** Dataset records follows **

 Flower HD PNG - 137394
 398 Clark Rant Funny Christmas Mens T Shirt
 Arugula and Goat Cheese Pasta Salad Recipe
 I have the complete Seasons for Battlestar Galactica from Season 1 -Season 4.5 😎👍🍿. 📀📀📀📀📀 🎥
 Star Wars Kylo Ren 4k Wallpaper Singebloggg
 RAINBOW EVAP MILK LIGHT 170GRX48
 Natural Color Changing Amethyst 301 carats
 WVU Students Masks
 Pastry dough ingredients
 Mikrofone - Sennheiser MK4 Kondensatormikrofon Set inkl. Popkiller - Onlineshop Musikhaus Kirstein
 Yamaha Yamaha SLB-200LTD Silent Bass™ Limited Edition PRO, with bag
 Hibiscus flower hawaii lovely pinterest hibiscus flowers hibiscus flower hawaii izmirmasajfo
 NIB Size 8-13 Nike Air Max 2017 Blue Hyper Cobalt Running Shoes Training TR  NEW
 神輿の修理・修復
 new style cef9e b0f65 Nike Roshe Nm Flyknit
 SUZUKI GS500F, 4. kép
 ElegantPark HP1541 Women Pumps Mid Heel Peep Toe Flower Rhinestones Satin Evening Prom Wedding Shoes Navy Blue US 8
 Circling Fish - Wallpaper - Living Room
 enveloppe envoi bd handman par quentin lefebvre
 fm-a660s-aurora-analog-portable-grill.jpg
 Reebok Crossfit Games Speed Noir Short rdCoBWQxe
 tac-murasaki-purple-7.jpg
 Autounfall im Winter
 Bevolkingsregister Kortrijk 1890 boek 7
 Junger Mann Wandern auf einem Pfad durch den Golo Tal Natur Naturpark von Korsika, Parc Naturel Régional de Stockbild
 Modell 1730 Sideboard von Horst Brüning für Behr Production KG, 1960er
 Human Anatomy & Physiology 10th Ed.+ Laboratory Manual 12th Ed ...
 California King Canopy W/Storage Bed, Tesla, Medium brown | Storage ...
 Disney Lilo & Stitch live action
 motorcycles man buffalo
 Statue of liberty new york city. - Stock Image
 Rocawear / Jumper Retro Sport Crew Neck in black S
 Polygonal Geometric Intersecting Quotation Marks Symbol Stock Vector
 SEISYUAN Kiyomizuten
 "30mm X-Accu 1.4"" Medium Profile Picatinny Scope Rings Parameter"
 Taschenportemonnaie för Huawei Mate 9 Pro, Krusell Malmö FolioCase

** End of Dataset records **

## Task prompt
Out of the material above, output word for word the line with "ElegantPark HP1541 Women", the line with "Bevolkingsregister Kortrijk 1890 boek 7", and all lines between them, with nothing else.

## Result of this exercise
 ElegantPark HP1541 Women Pumps Mid Heel Peep Toe Flower Rhinestones Satin Evening Prom Wedding Shoes Navy Blue US 8
 Circling Fish - Wallpaper - Living Room
 enveloppe envoi bd handman par quentin lefebvre
 fm-a660s-aurora-analog-portable-grill.jpg
 Reebok Crossfit Games Speed Noir Short rdCoBWQxe
 tac-murasaki-purple-7.jpg
 Autounfall im Winter
 Bevolkingsregister Kortrijk 1890 boek 7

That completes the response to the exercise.